What keeps you motivated to go into work every day?
There is a lot of unnecessary stress and challenge within organisations. As an external consultant you’re able to take a unique view of an organisation and use your role to connect different stakeholder groups who may not work easily together and facilitate a more constructive relationship. Organisation development allows you to make a fundamental difference to people’s working lives and improve the conditions they find themselves in. The great thing is that if you improve the culture and the system that employees work in, business results will improve as well!
What advice would you give someone considering a career in organisation development & design?
You need to have an absolute commitment to learning as new research is constantly emerging. I’d recommend an academic course with a practical component. As Kurt Lewin, the father of the organisation development profession, said, “there is nothing so practical as a good theory”. The workplace is changing so it’s important to stay informed of the impact of trends such as technology, flexible working and diversity and inclusion.
You need to be open minded and be able adapt your approach to different situations. You will learn as much from your clients as they learn from you. No two organisations are the same and therefore no two solutions you design are the same!

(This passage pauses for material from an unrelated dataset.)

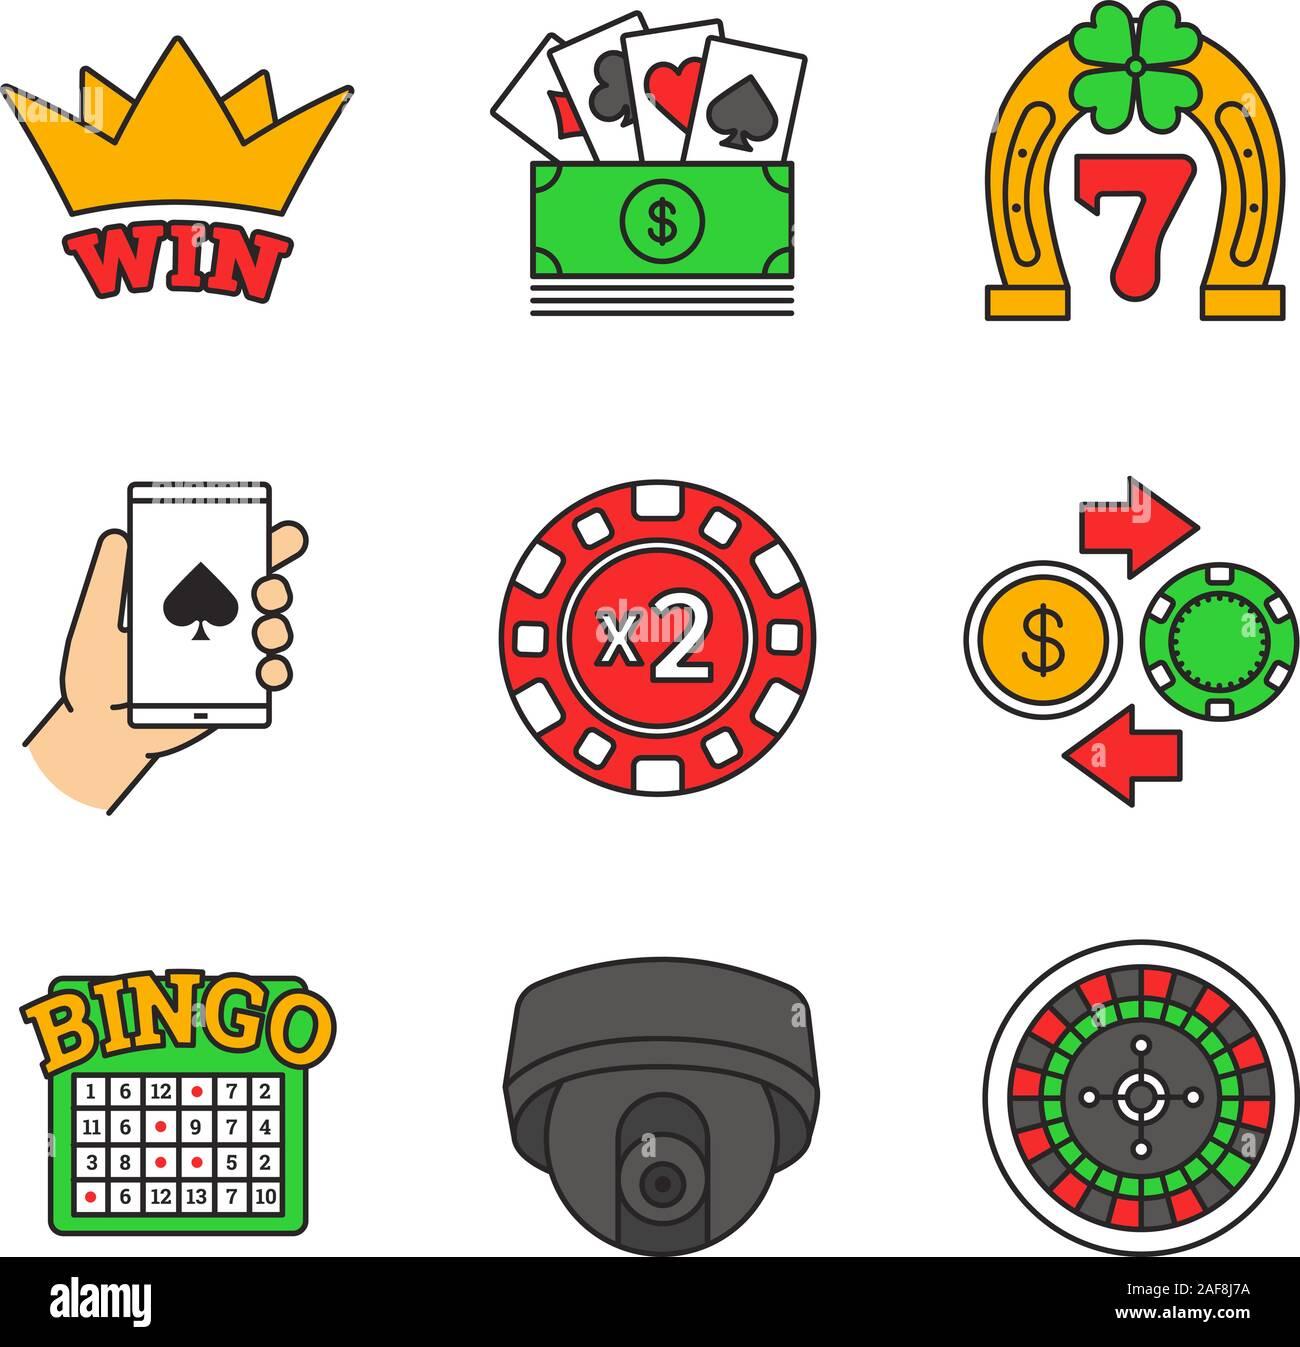 Crown casino online poker star city circus casino birmingham poker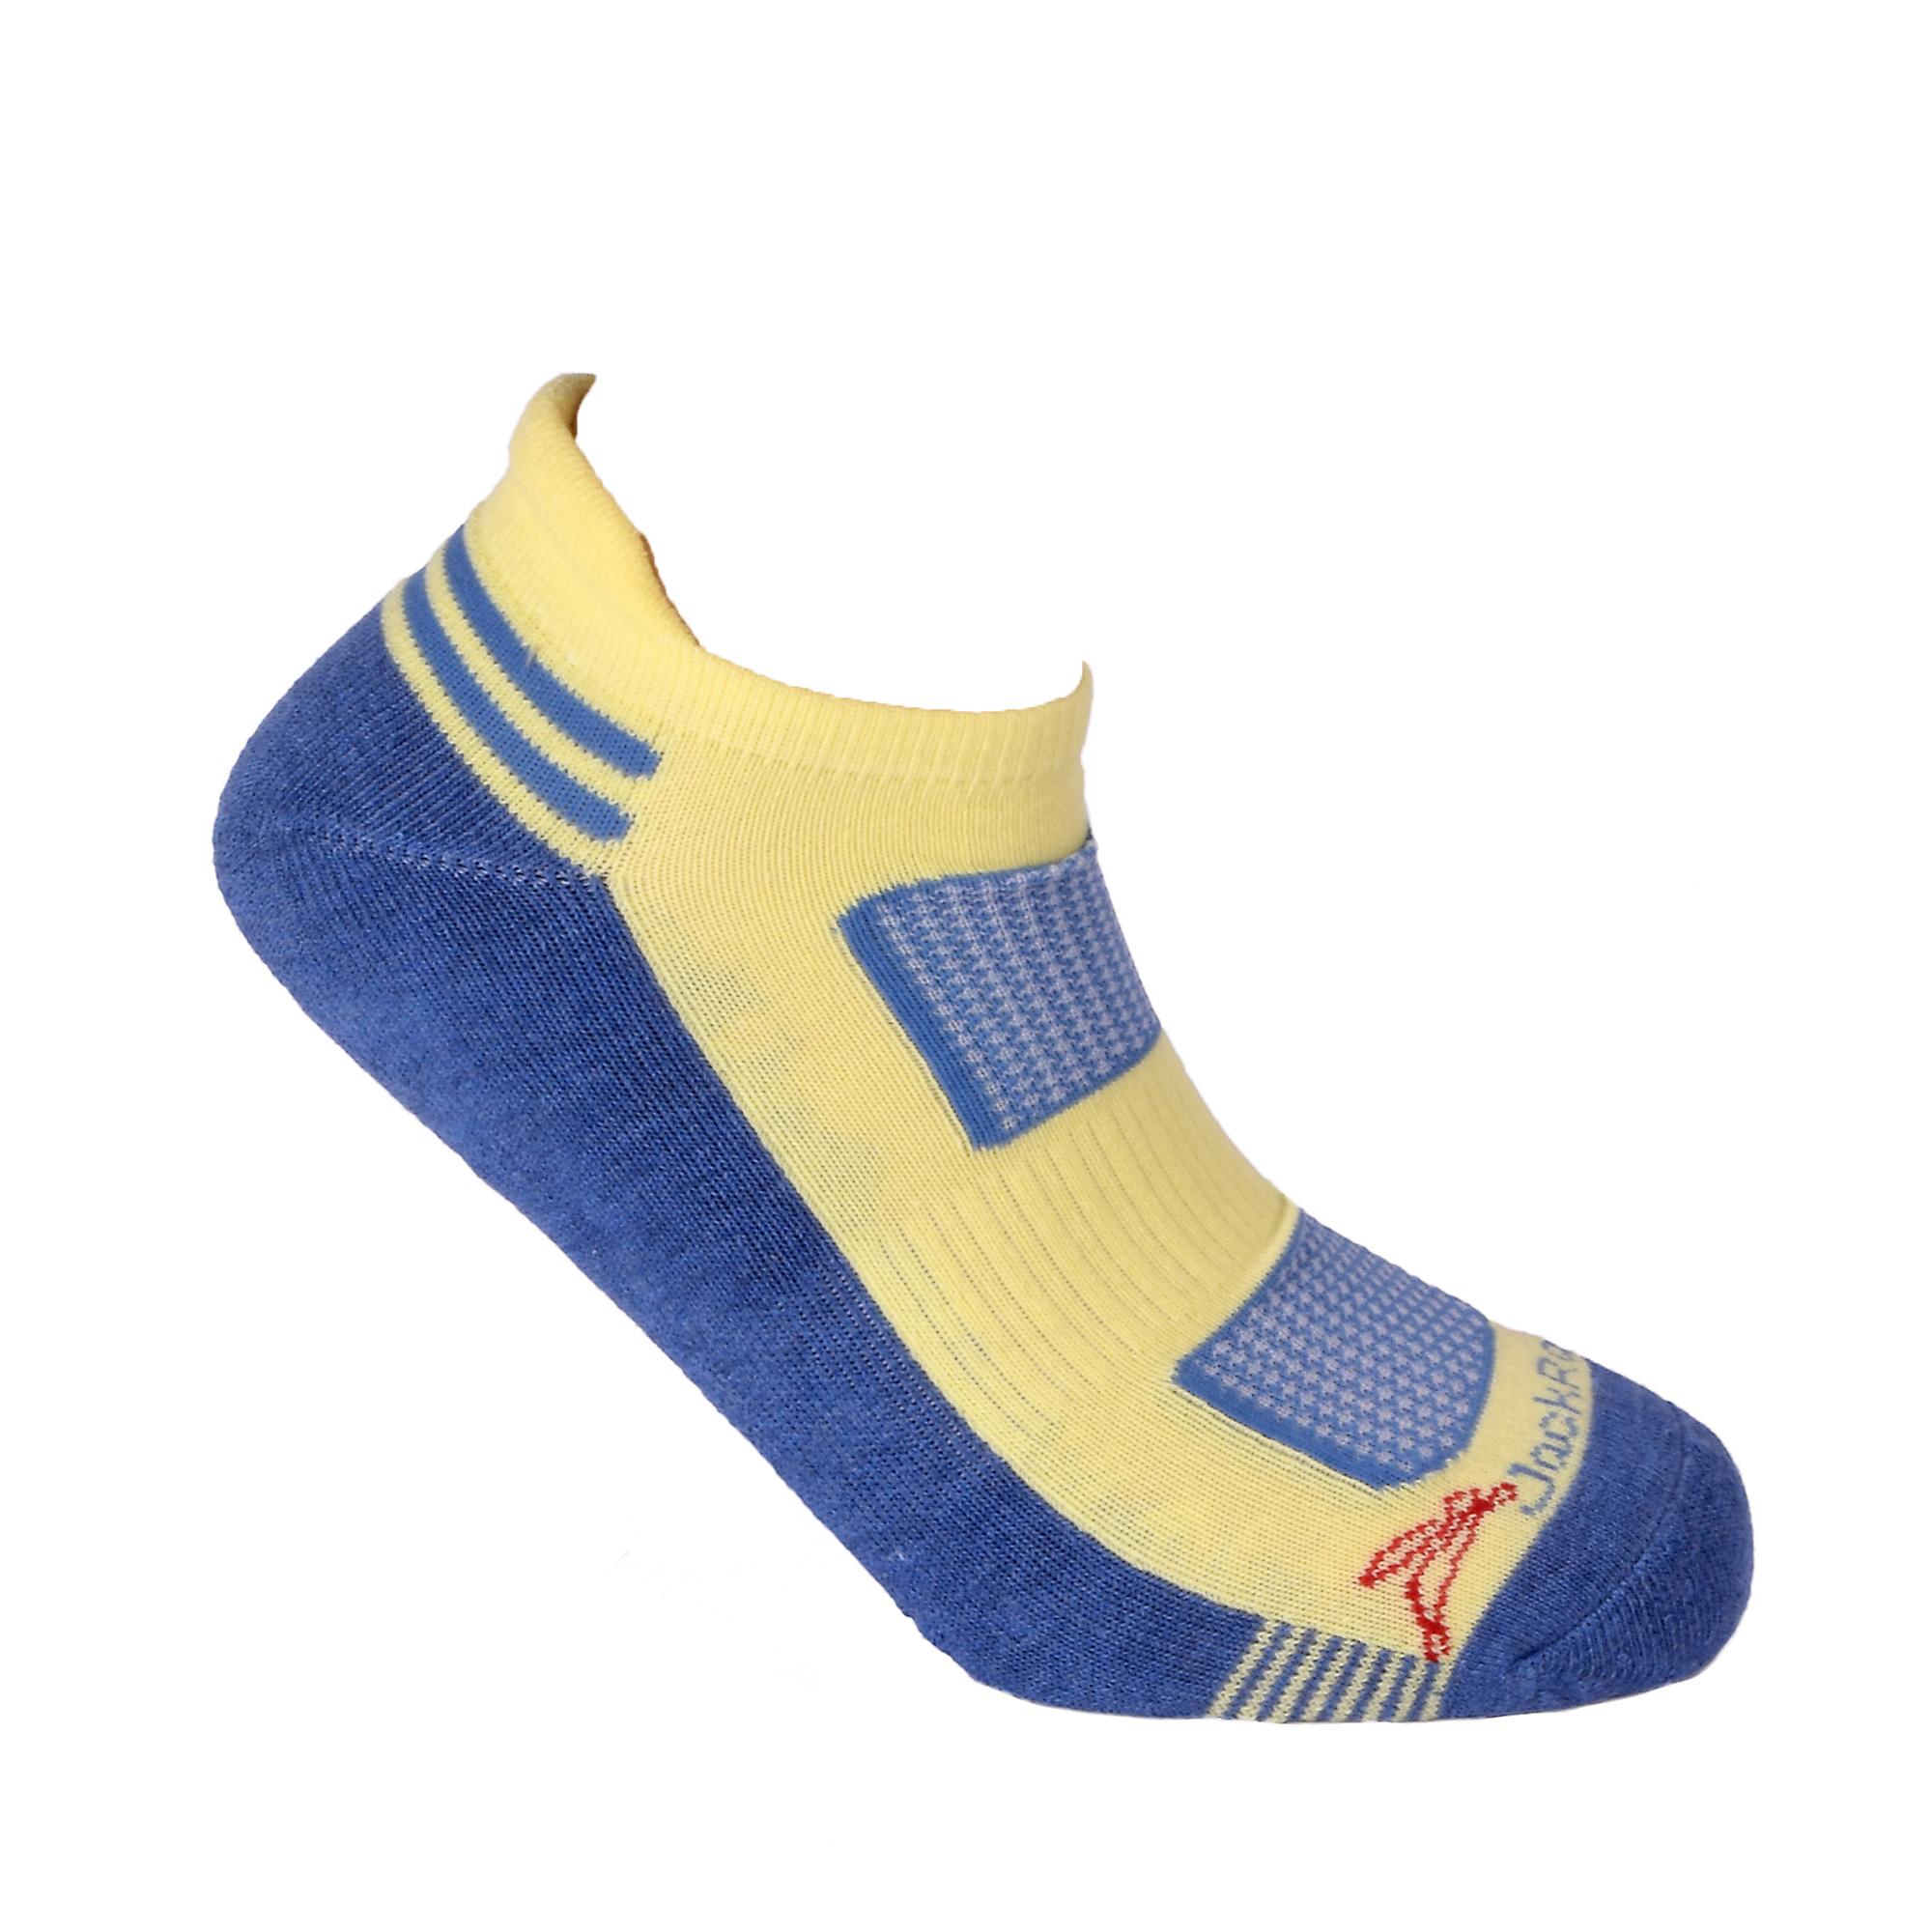 JackRabbit No Show Tab Cushion Socks 1 Pack - Color: Yellow/Navy - Size: S, Yellow/Navy, large, image 3

You also need to have a systemic way of seeing organisations and be able conceptualise how the different parts connect to each other. This allows you to think through how your intervention will affect the organisation. All OD interventions have unintended consequences!
Finally, I’d also recommend gaining experience in project management, as most of your work is based around initiating and executing pieces of work around specific timelines. It’s a great discipline to have and clients really appreciate it.